Data records |
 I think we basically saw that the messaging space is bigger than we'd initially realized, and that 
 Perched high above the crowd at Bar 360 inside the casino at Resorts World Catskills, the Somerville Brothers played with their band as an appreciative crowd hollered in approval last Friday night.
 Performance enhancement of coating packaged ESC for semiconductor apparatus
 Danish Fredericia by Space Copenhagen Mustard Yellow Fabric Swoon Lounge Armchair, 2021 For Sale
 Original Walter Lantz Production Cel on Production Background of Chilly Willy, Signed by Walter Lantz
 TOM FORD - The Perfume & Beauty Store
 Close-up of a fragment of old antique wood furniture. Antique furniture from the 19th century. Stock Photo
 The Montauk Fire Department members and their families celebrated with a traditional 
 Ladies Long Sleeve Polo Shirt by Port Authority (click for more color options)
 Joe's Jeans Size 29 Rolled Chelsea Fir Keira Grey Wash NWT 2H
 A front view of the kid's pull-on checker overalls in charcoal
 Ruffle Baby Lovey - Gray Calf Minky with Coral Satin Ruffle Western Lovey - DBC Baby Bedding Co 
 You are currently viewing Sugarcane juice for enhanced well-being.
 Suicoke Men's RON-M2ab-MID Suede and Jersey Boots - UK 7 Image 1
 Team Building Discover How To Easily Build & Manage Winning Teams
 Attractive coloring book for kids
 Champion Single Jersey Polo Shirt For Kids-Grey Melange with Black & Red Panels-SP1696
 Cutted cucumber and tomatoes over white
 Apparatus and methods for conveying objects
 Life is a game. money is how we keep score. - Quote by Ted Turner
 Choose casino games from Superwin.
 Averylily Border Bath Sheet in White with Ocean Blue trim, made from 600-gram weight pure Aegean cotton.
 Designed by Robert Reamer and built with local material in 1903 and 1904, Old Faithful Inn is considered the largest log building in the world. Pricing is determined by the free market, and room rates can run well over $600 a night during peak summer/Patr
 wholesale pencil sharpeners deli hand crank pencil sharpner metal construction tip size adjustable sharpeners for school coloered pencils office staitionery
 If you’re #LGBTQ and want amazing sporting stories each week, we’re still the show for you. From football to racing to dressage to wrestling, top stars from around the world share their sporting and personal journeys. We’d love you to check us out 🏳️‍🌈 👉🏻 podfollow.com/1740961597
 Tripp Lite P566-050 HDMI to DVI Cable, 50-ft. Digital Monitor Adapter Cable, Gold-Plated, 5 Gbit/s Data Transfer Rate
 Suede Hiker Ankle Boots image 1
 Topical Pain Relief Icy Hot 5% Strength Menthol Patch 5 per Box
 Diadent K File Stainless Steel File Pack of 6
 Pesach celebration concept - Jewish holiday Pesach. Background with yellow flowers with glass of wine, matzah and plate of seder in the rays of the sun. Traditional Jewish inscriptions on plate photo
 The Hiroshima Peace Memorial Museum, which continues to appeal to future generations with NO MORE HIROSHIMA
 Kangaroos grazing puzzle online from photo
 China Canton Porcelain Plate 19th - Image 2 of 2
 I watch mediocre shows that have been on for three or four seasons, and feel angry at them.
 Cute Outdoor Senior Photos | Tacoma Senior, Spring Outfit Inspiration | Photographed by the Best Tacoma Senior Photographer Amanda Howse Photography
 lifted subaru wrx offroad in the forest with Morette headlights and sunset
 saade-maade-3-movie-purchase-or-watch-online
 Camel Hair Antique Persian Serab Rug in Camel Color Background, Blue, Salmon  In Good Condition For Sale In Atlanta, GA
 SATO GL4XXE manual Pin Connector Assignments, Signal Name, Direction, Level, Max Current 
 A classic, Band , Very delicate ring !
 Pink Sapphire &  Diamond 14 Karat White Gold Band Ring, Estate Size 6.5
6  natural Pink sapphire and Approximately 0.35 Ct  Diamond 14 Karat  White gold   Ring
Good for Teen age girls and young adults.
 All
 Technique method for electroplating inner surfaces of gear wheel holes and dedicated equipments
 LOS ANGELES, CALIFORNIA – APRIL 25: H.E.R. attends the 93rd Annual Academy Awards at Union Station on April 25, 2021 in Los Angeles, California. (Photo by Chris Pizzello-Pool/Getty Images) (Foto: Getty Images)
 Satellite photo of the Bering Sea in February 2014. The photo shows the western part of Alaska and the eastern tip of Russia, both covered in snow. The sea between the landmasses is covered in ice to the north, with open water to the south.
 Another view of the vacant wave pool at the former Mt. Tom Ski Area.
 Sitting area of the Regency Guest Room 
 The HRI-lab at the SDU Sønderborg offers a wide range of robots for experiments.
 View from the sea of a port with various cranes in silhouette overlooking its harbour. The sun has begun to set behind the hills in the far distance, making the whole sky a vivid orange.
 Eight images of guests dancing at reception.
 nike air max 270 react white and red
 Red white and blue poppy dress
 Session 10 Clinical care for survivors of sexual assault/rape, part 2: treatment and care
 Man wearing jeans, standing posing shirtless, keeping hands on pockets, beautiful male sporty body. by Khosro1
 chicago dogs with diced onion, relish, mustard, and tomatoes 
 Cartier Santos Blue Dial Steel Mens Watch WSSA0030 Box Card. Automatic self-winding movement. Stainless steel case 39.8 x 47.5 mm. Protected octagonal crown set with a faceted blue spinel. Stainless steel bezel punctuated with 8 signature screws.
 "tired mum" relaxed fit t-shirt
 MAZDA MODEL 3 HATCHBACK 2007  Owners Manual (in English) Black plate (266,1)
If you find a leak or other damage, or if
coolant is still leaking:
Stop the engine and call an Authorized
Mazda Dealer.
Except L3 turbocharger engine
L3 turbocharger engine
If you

Your instructions |
Tell how many lines of the data contain "Stainless". Nothing but the number belongs in the reply.

Exercise answer |
2